Hi, this is my first visit to this (or any) chat room. Wondering if someone could give me some insight on which cost more- moving a staircase or moving a fireplace? The fireplace is on an internal wall and we'd like to take the wall down and move the fire place to an external wall. The staircase would have the same location at the top, but the stairs would come down in a different room. Know this is a ball park, but could somebody help me? thanks


----------



## hatchet (Oct 27, 2003)

Off the top of my head.. I would say the fireplace will be much more expensive. Stairs are relatively inexpensive to build but a fireplace has quite a bit of labor involved.


----------



## Grumpy (Oct 8, 2003)

I would say it depends if the firepalce is a prefab or custom built masonry? Is the fireplace wood or gas?
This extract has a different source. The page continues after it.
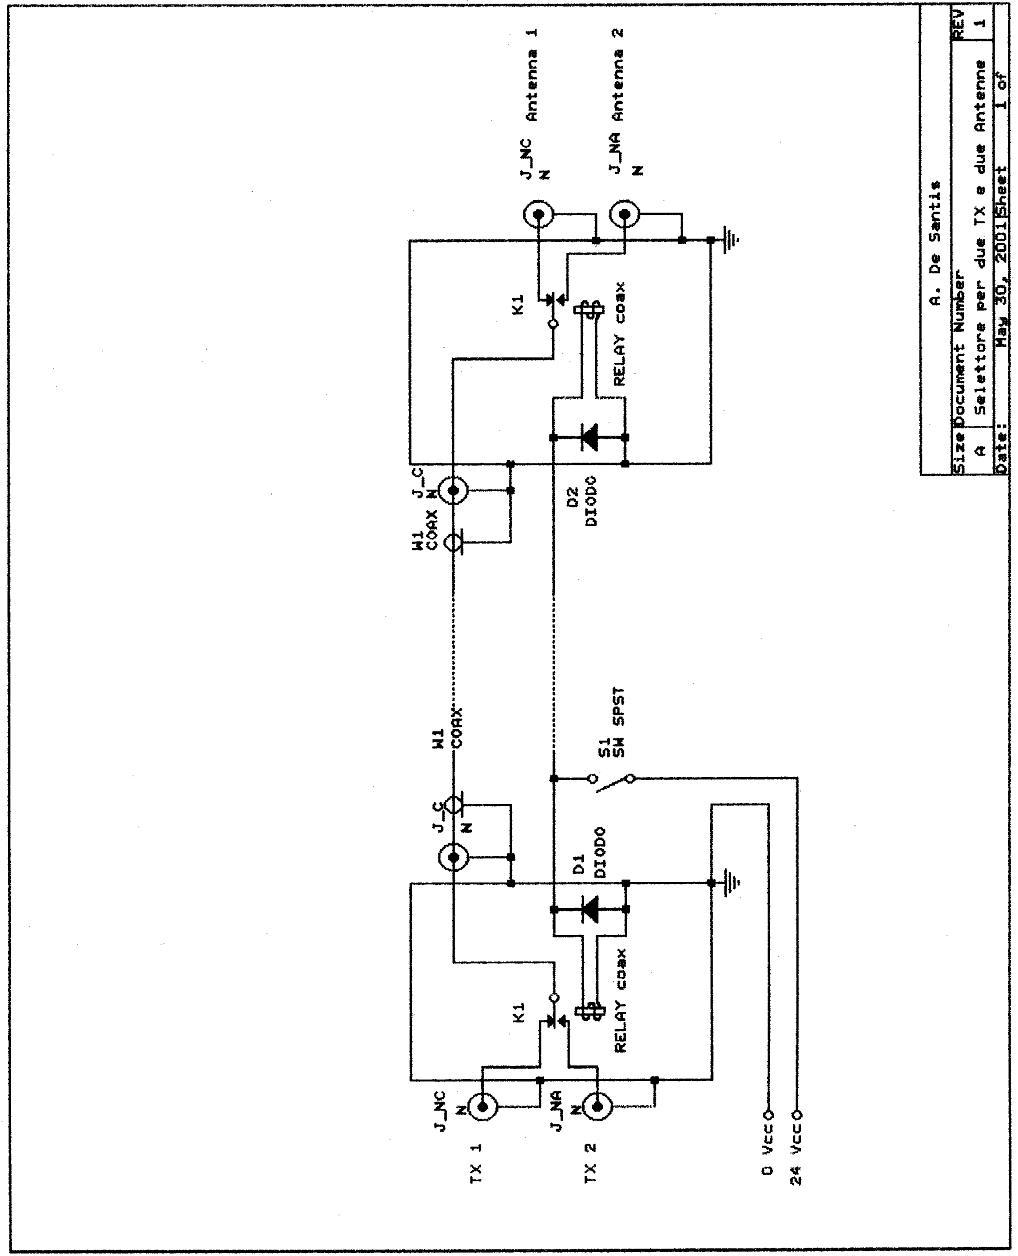 Schema Elettrico Selettore A Chiave : Air radiorama selettore per due rtx e antenne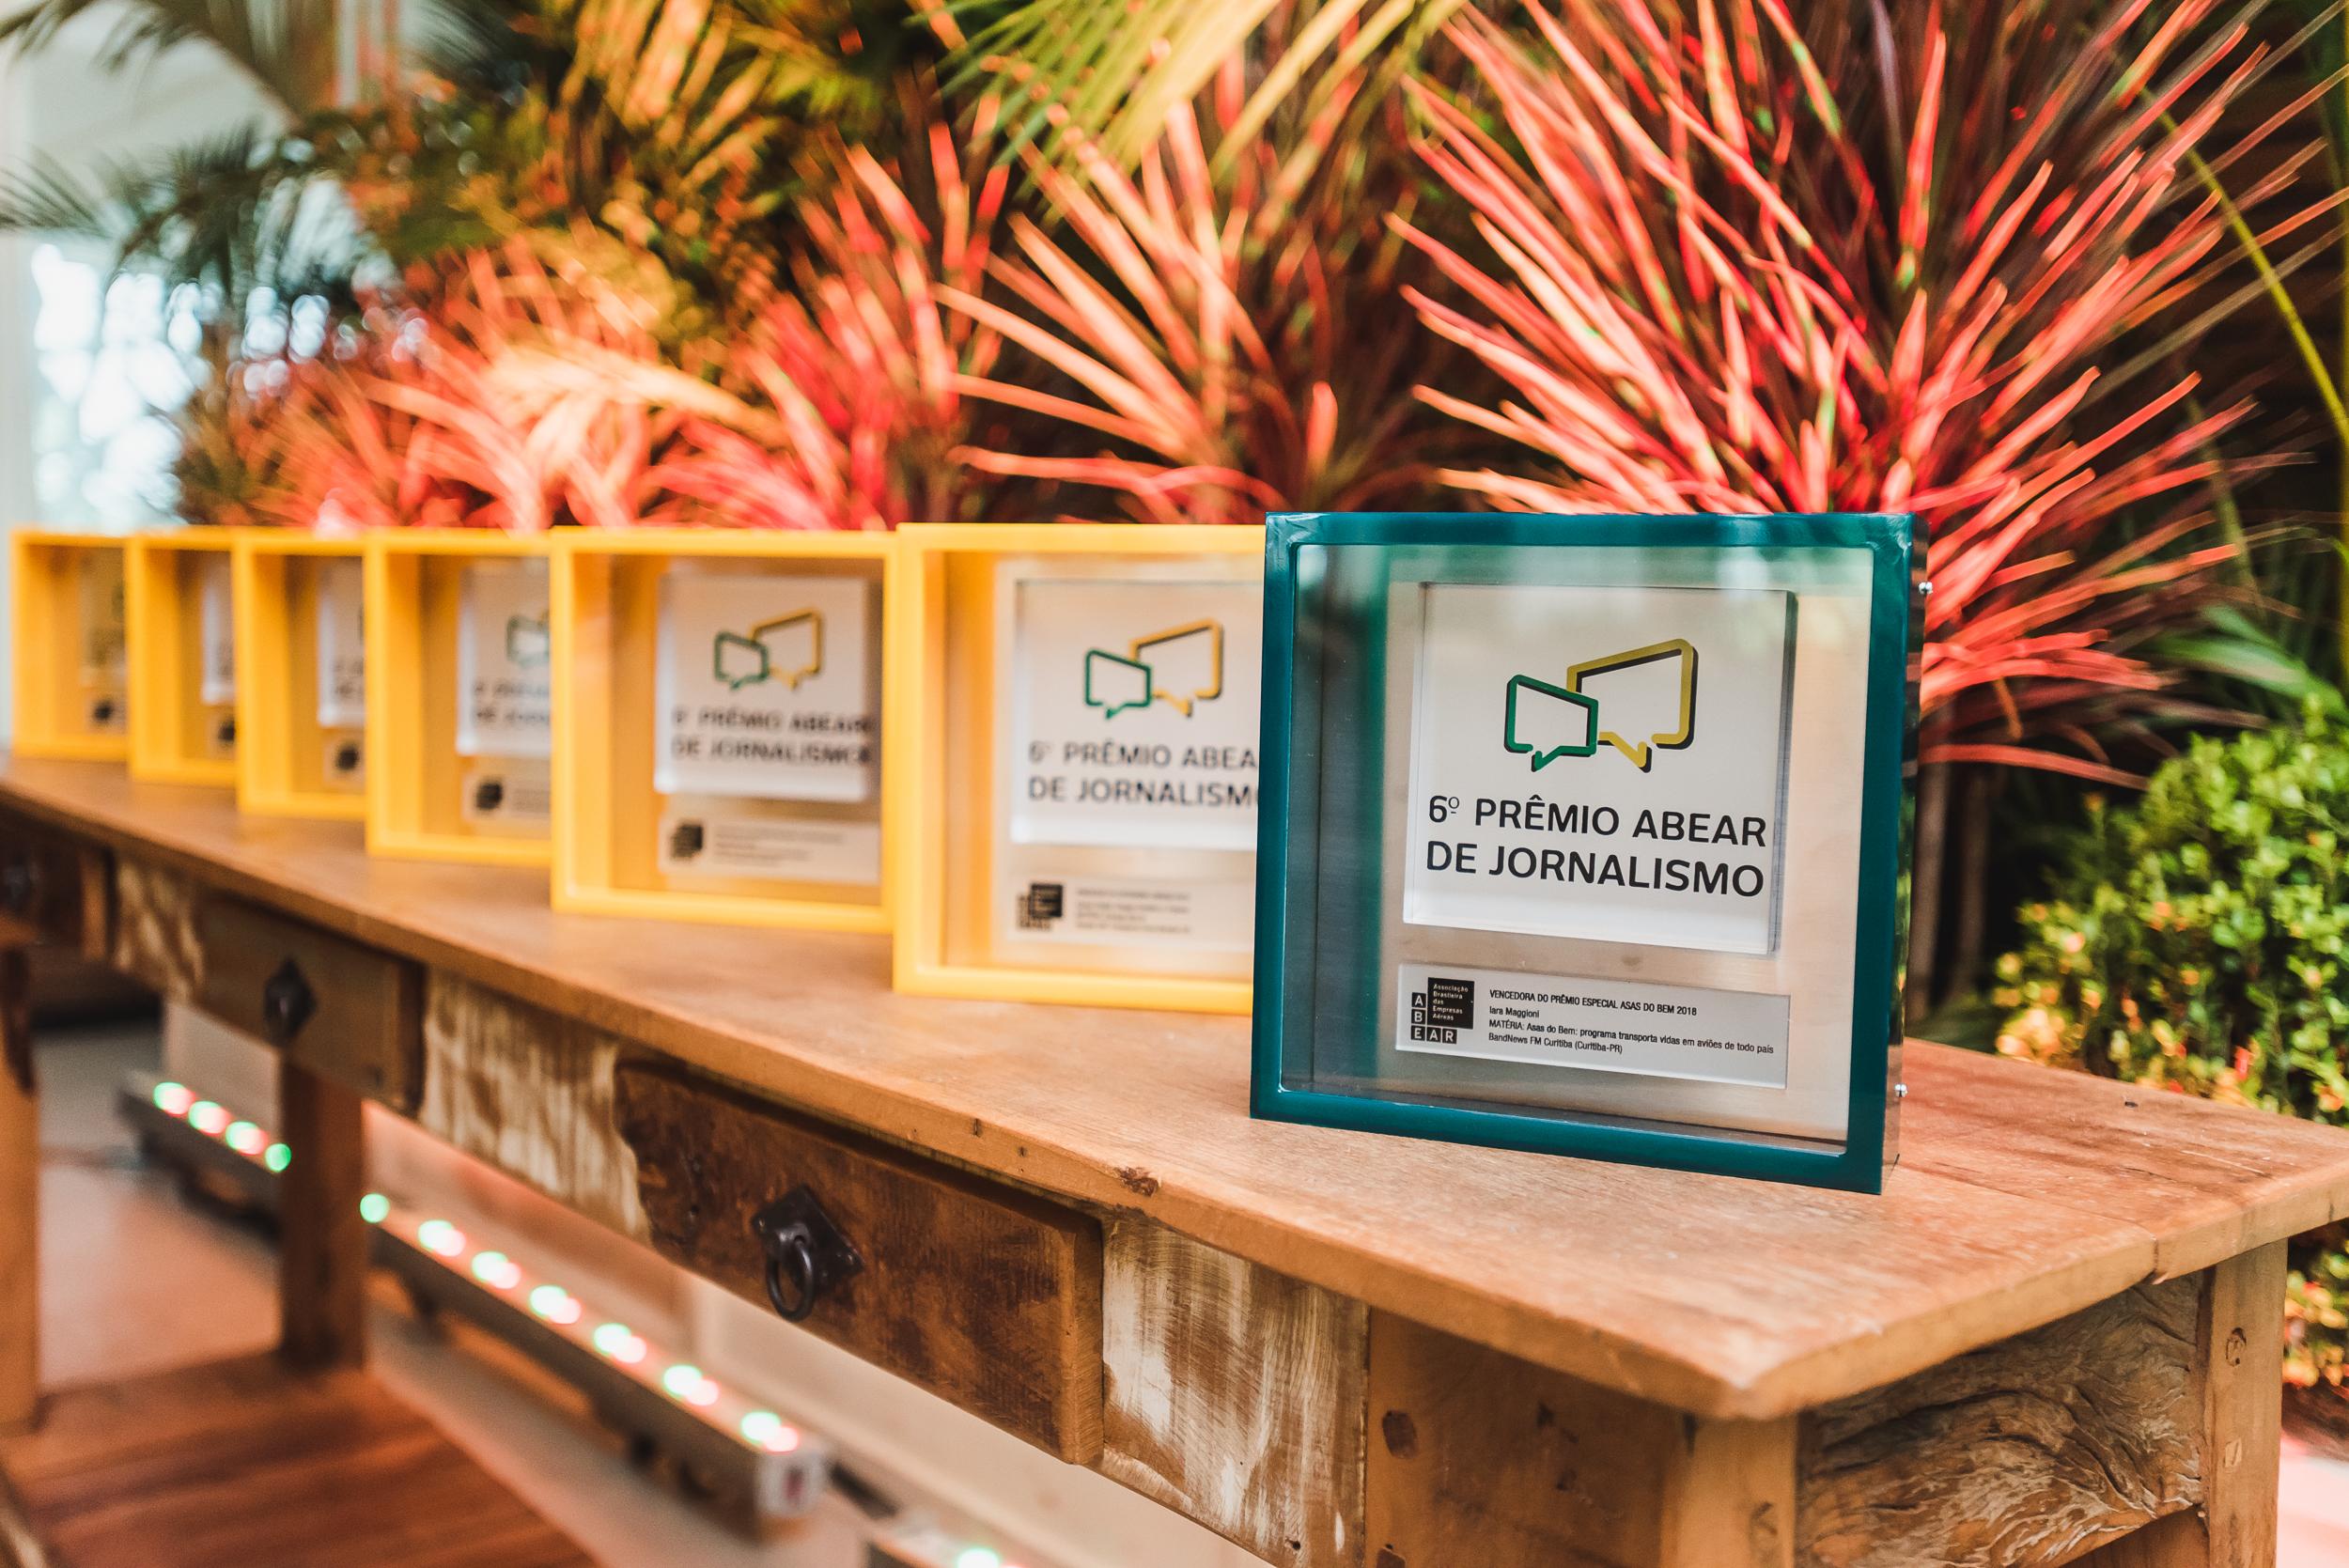 Troféus 6º Prêmio ABEAR de Jornalismo

I'm going to agree with ahtchet until we have more details.


----------



## hatchet (Oct 27, 2003)

HAHA.. I didn't even think about an insert or freestanding fireplace. Being that it was an internal wall I figured it was some type of masonry fireplace. With an insert you wont have as much labor other than patching the roof and possibly replacing the hearth. Either way there are a bunch of variables that we don't know about at this point.


----------



## Guest (Dec 9, 2003)

thanks for your input. Just how easy is it to move a staircase? The stairs themselves are the exact size for the new location. Seems like all you'd do is to cut a hole in the ceiling for the new location, patch up the old one...


----------



## hatchet (Oct 27, 2003)

You've about got it. Depending on how easy it is to remove the staircase will depend on if you can re-use the staircase. Most likely you will not be able to use it so you will need to remake it. The actual construction of the staircase is not all that difficult - a little math and you've got all the cuts.


----------



## orto (Dec 14, 2003)

Floor joist locations and directions, bearing points, headers and other structural facts need to be ascertained before an accurate reply can be given as to cost. If it is an interior masonry fireplace and the structure is of some age, chances are that it bears the floor at multiple points and all directions.. Prefab - fireplace - move it!!!!


----------



## Guest (Jan 8, 2004)

*anwser*



Jen said:


> Hi, this is my first visit to this (or any) chat room. Wondering if someone could give me some insight on which cost more- moving a staircase or moving a fireplace? The fireplace is on an internal wall and we'd like to take the wall down and move the fire place to an external wall. The staircase would have the same location at the top, but the stairs would come down in a different room. Know this is a ball park, but could somebody help me? thanks


 It depends on the type of fire place.


----------